Cyclone Alfred downgraded to tropical low as it nears Australia
Cyclone Alfred weakened into a tropical low Saturday as it neared the rain and wind-lashed eastern coast of Australia where hundreds of thousands of properties were without power.
The former tropical cyclone lay about 65 kilometres (40 miles) off the coast of the Queensland capital Brisbane, government forecasters said in a final update.
Now deprived of its gale-force winds, the storm was slowly moving north and was expected to cross over the mainland later in the morning, it said.

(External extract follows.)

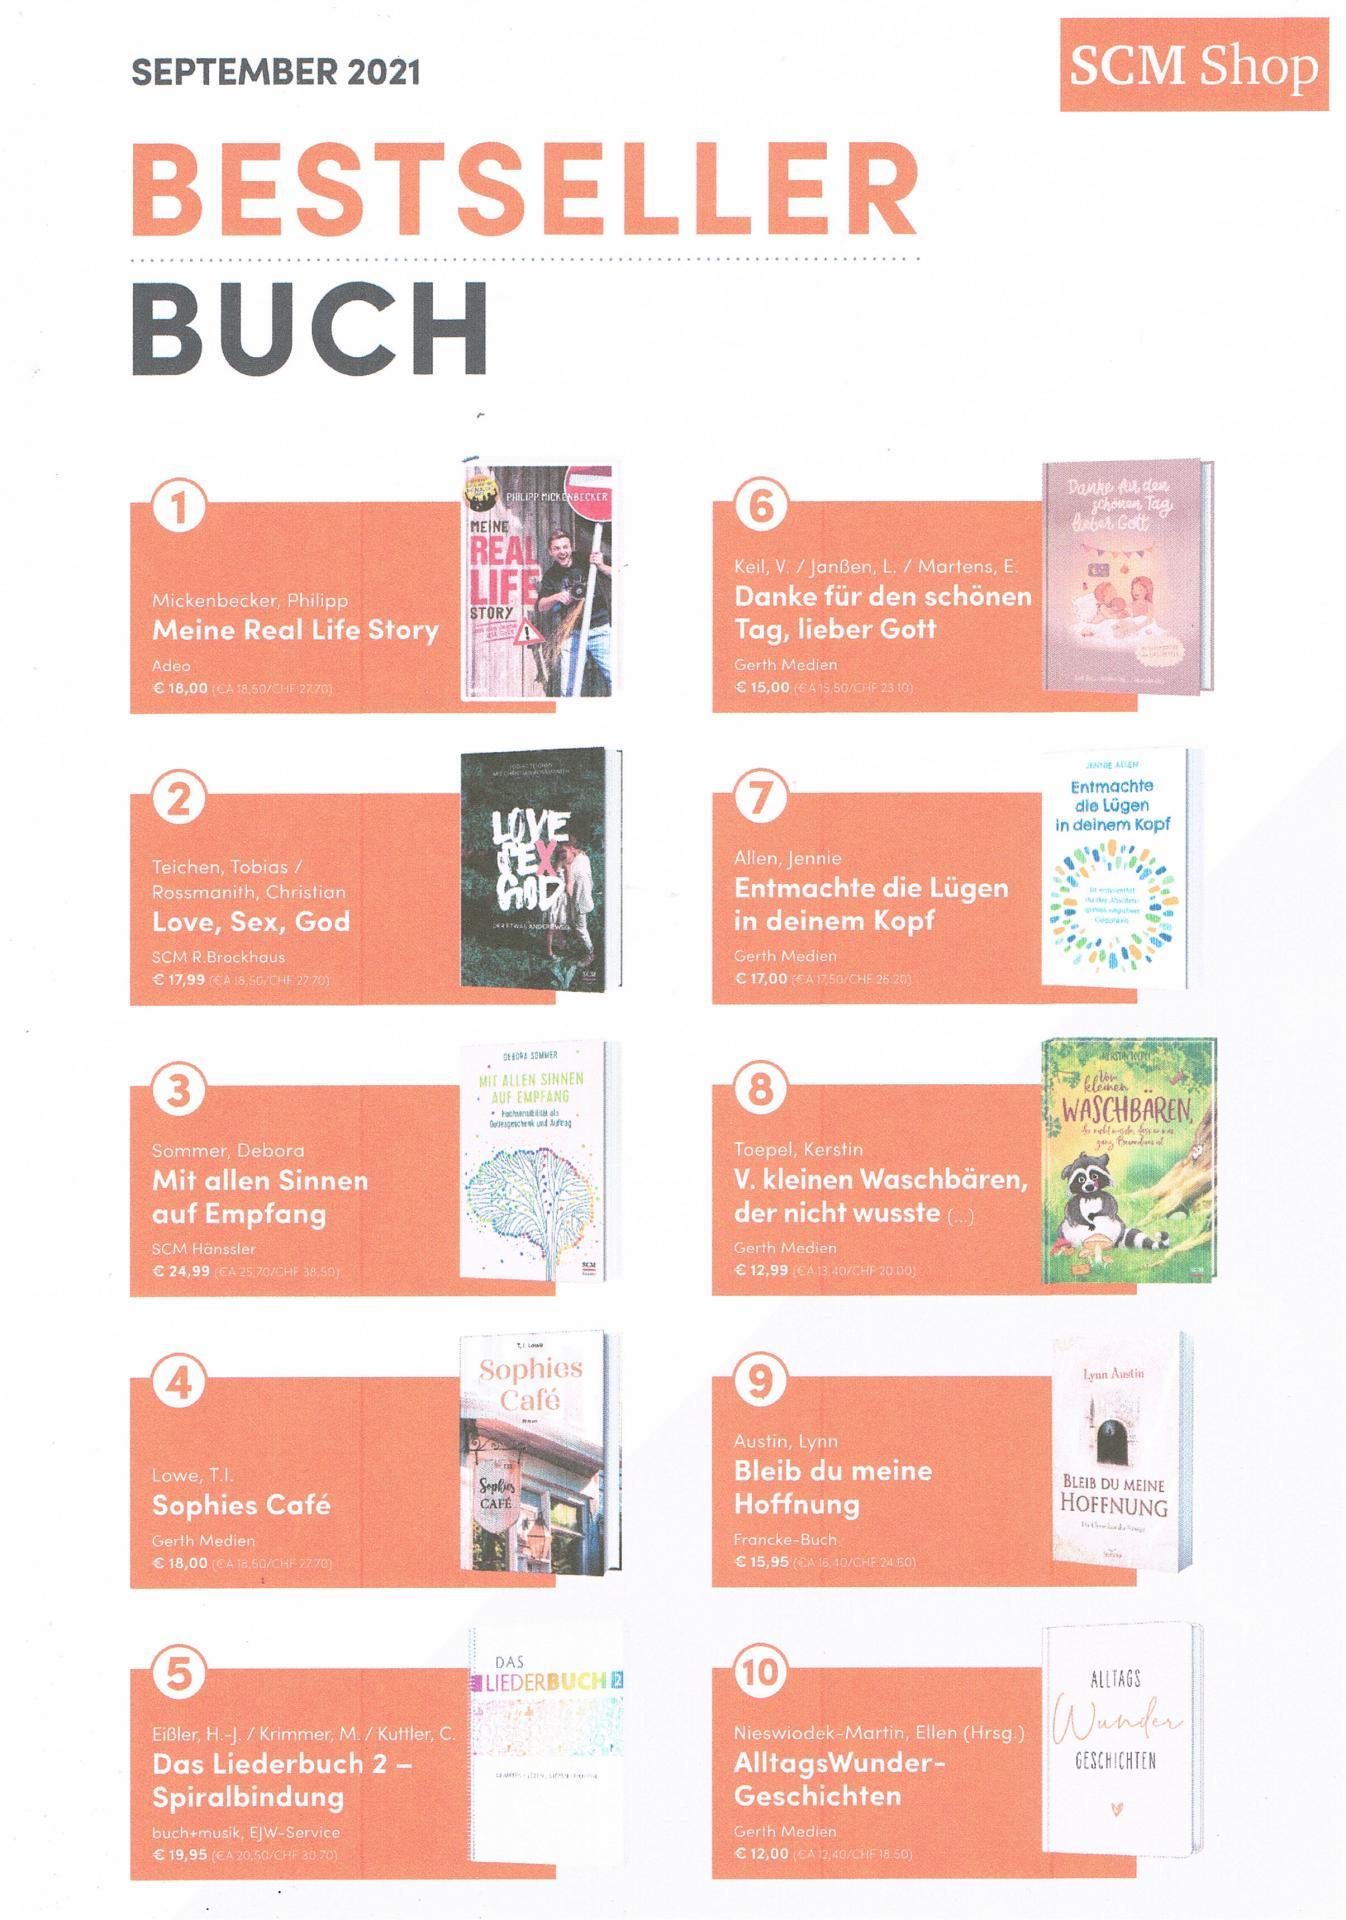 Sept. Buch

"Despite its weakening, heavy rainfall is likely to continue over southeast Queensland and northeast New South Wales during the weekend," the bureau of meteorology said.

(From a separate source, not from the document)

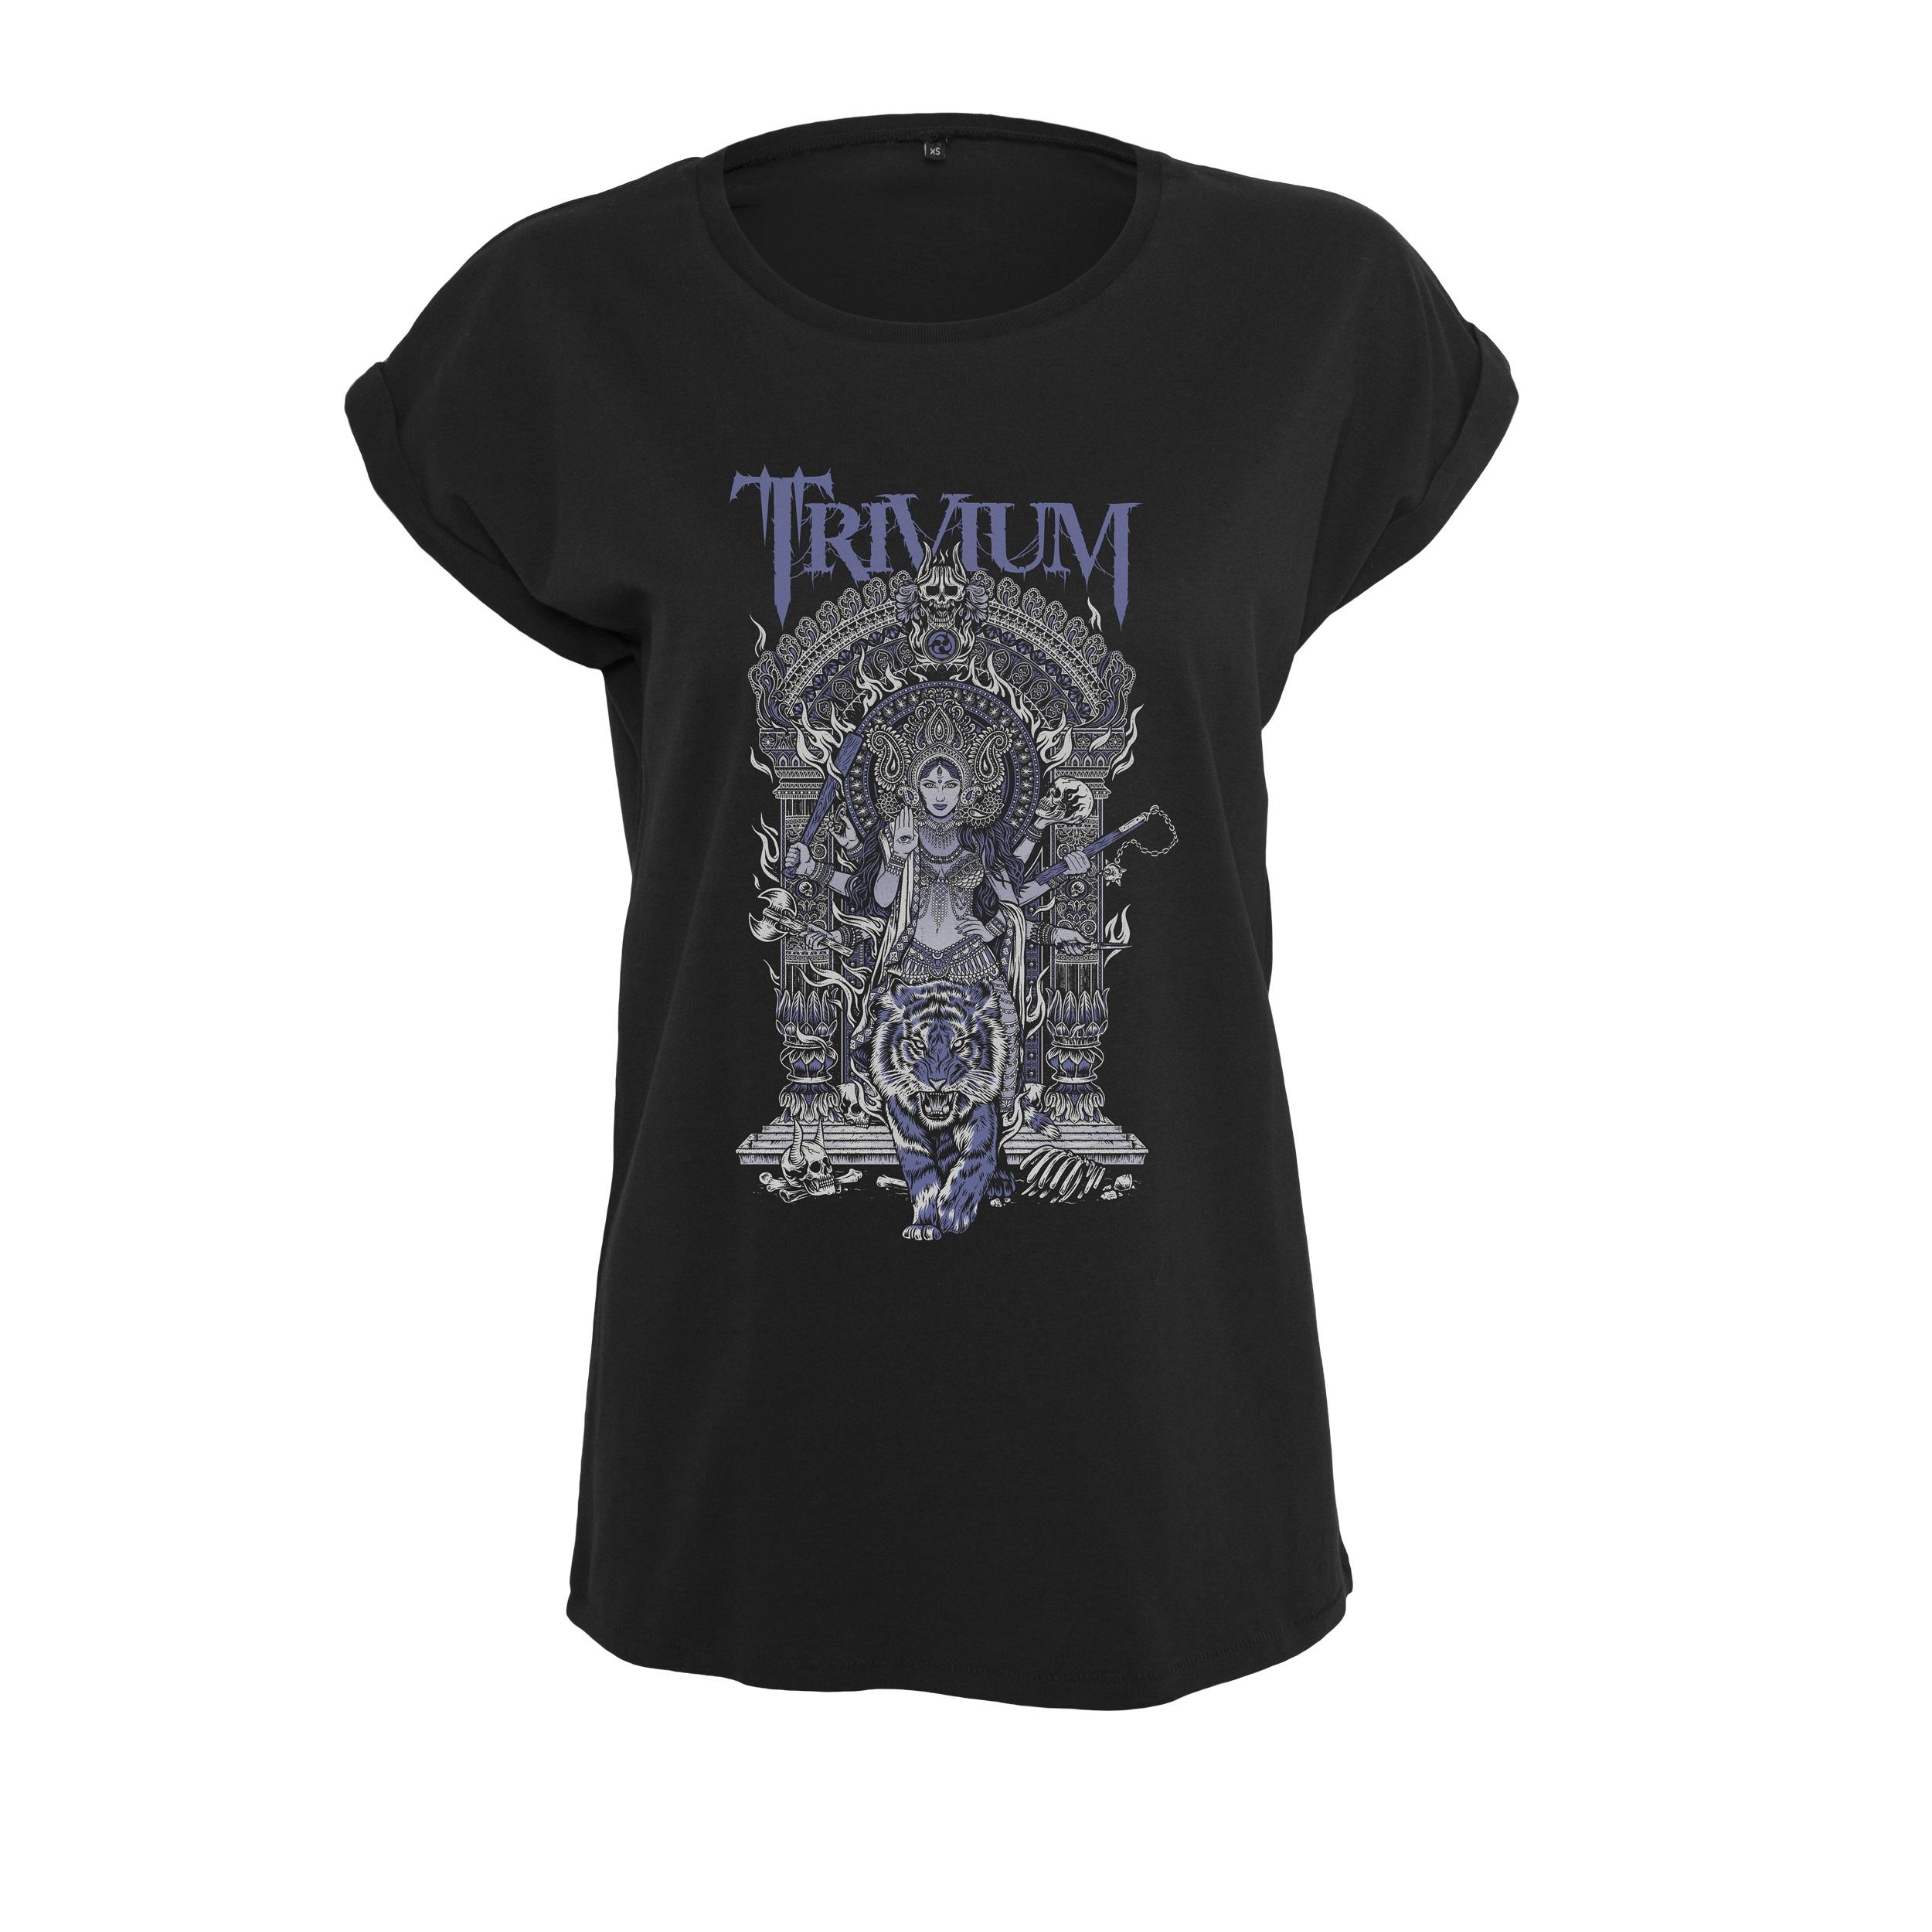 Trivium - Tričko Durga tee - Žena, Čierna, S

The rains could still lead to "dangerous and life-threatening" flash flooding across the 400-kilometre (250-mile) stretch of coastline straddling the two states.
One man was missing after his four-wheel drive vehicle was swept off a bridge into a rain-swollen river the previous day in northern New South Wales.

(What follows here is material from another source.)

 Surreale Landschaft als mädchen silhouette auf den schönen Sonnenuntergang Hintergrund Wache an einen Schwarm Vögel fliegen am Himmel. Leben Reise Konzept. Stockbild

He clambered out of the vehicle and tried in vain to cling to a branch. "The man was swept from the tree and seen to go beneath the water where he has not been sighted since," police said in a statement.
A "staggering" number of more than 239,000 properties in southeast Queensland were without power on Saturday morning after winds toppled power lines or blew trees and debris into them, utility group Energex said.
It had been too dangerous for crews to work in some blacked-out areas, Energex Brisbane area manager Chris Graham told national broadcaster ABC.